Plötzlich – Sir Malcolm wollte sich eben erheben, um diesen wichtigen Zeugen ins Kreuzverhör zu nehmen – trat ein Gerichtsdiener an ihn heran und reichte ihm einen Brief. Mit einer Verbeugung gegen den Vorsitzenden bat der Verteidiger, diesen Brief lesen zu dürfen. Ein Nicken Sir Algernoons gewährte ihm die Erlaubnis. Es war ein langes Schreiben. Sein Inhalt schien Sir Malcolm zu erfreuen, denn als er den Bogen endlich zusammenfaltete, lächelte er.

»Ich habe an den Zeugen keine Fragen zu richten, Mylord«, wandte er sich an den Vorsitzenden.
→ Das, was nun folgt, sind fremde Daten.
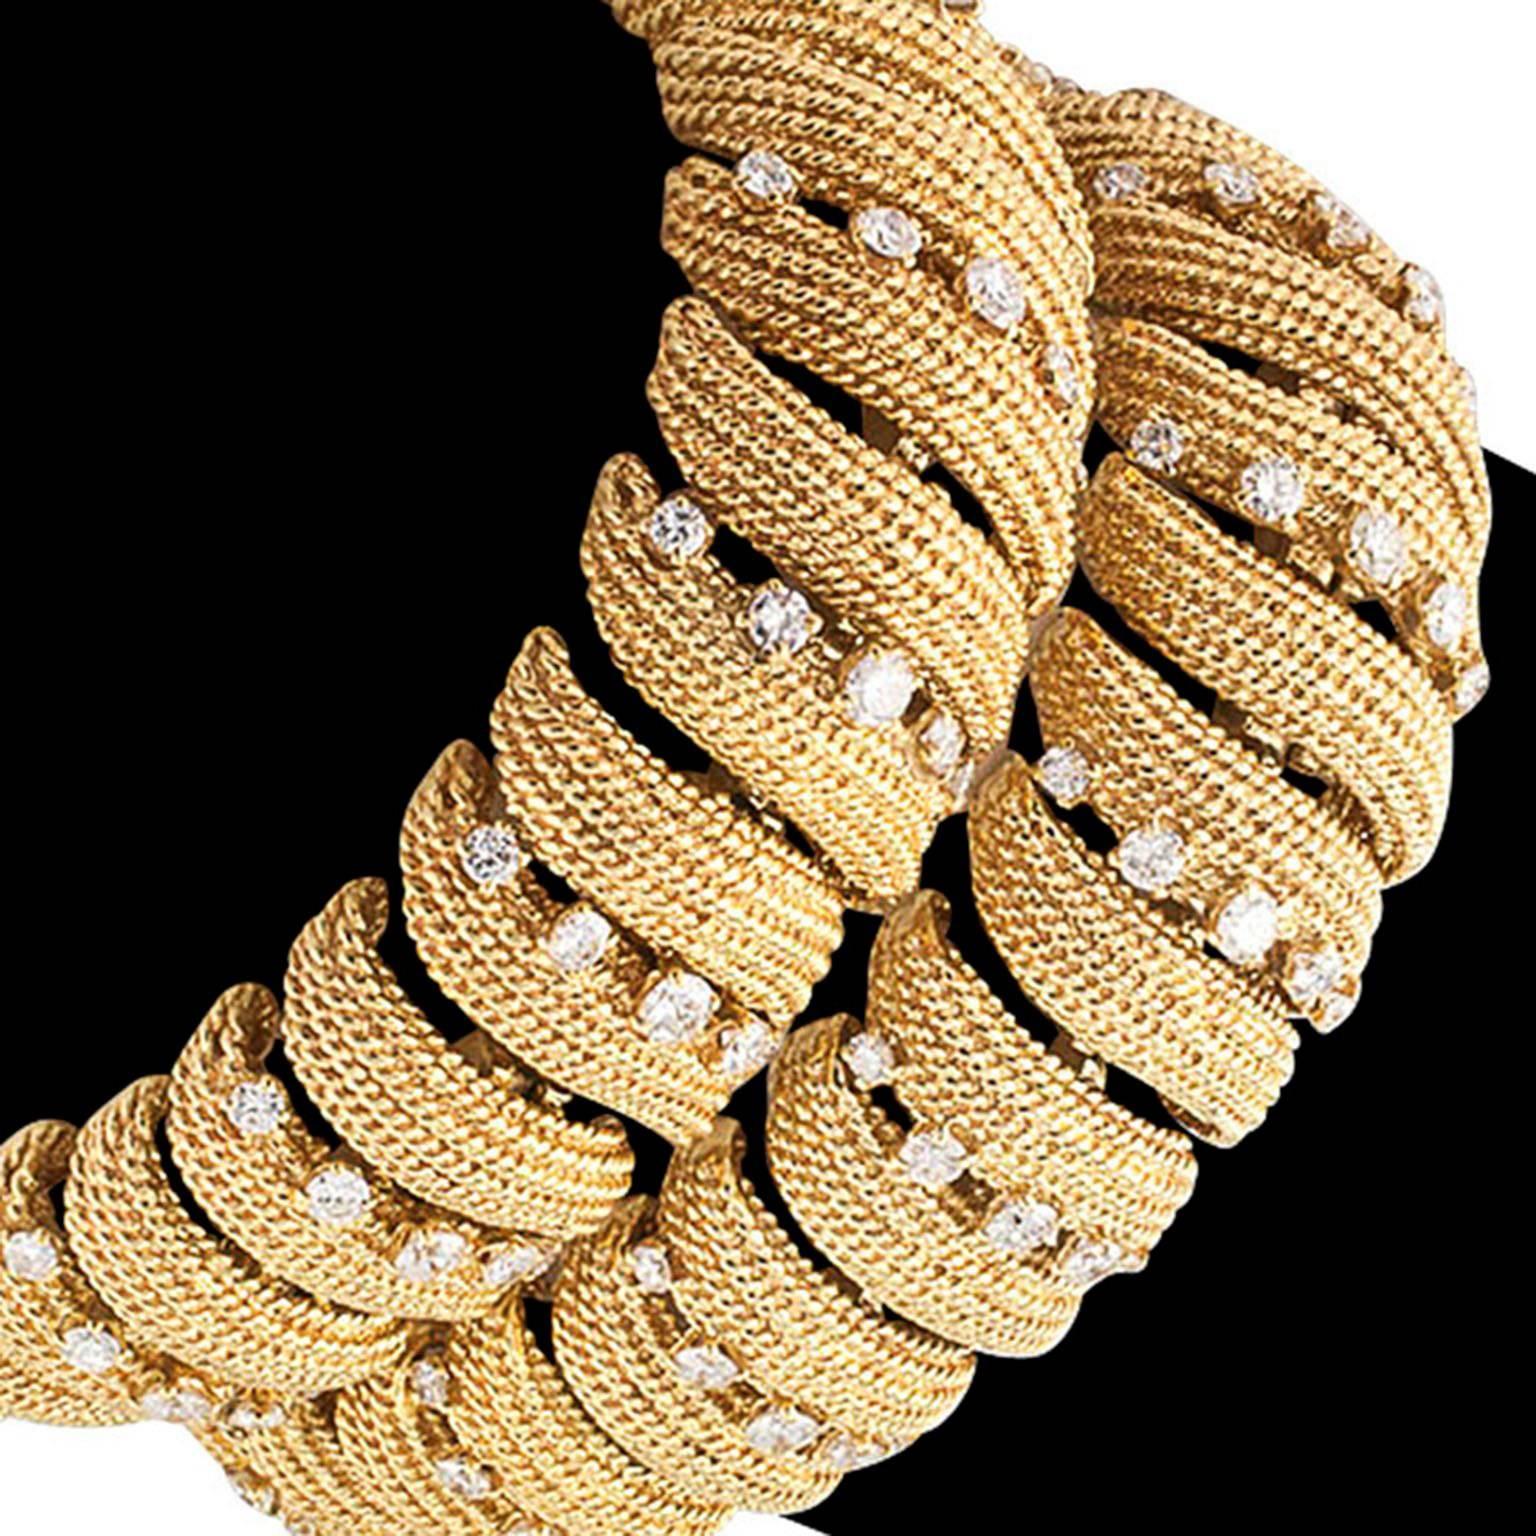 David Webb Estate Pair of Gold and Diamond Link Bracelets

Some say less is more, but more of certain things is unquestionably better, as in not just one, but rather, a pair of matching gold and diamond bracelets to slide up and down your wrist with

»Sie wollen den Zeugen ohne Kreuzverhör entlassen?« fragte der andere, ohne seine Verwunderung zu verbergen. War der Verteidiger wahnsinnig geworden? Diesen Zeugen, dessen Aussagen seiner Mandantin bestimmt den Hals brechen würden, ließ er unangefochten aus dem Saal? Hielt er die hier an die Oeffentlichkeit gebrachten Tatsachen selbst für so schlüssig, daß er sich die Mühe sparen wollte, sie zu zerpflücken? Ließ er Lady Winifred unverteidigt in den Händen des öffentlichen Anklägers, es ihm überlassend, zu tun und lassen, was er wollte?

Auch im Zuhörerraum wollte die Verwunderung über dieses merkwürdige Gebahren eines Verteidigers kein Ende nehmen. Hans-Lothar, Liddy und Baron von Lersdorff suchten vergeblich durch aufgeregte Gesten Sir Malcolm an seine Pflicht zu erinnern. Er schenkte ihnen nicht die geringste Aufmerksamkeit. Ohne den Zeugen weiter zu beachten, setzte er sich wieder hin und studierte eifrig seine Akten.

Die Frage des Vorsitzenden erwiderte er nach einigen Augenblicken durch Stellen eines Antrags:

»Ich habe keinerlei Fragen an den Zeugen Grosvenor zu richten, Mylord, möchte aber, um mit der durch seine Aussagen neugeschaffenen Lage meiner Mandantin fertig zu werden, um Vertagung bis heute nachmittag bitten.«

»Ich widerspreche diesem Antrag, Mylord«, sprang Sir John auf.

»Eine Vertagung kann meines Ermessens keinerlei der Angeklagten günstigen Zweck erfüllen. Wir haben nur noch drei Zeugen für die Staatsanwaltschaft zu vernehmen. Falls Sir Malcolm irgendwelche Ueberraschungen für den Gerichtshof in der Tasche haben sollte, kann er sie auch jetzt springen lassen. Ich will nach den Aussagen des letzten Zeugen gern auf weitere Belastungszeugen verzichten.«

Dieser Verzicht Sir Johns kündete wenig Gutes. Er mußte seinen Sieg so gut wie in der Tasche glauben, sonst hätte er wohl kaum auf weitere Zeugenaussagen, die seine Stellung vielleicht stärken konnten, verzichtet. Aber Sir Malcolm ließ sich über seine Pläne nicht ausholen.

»Ich bedarf dieser kurzen Vertagung, Mylord, um meine Verteidigung nach der Aussage Mr. Grosvenors auf eine ganz andere Basis zu stellen. Ich bitte nochmals, die Verhandlung bis zum Nachmittag auszusetzen.«

Der Vorsitzende warf einen Blick auf seine Uhr.

»Es ist jetzt elf Uhr. In einer Stunde hätte ich die Verhandlung doch für die Frühstückspause unterbrechen müssen. Ich setze den Wiederbeginn der Verhandlung auf vierzehn Uhr fest.«

Erregt unterhielten sich die Zuhörer, als der Gerichtshof den Saal verlassen hatte. Keiner wagte es, seinen Platz aufzugeben. Sie alle wollten lieber hungrig ausharren, als den Schlußakt des Dramas versäumen. Daß der Nachmittag interessant werden würde, daran zweifelte im Saal niemand mehr.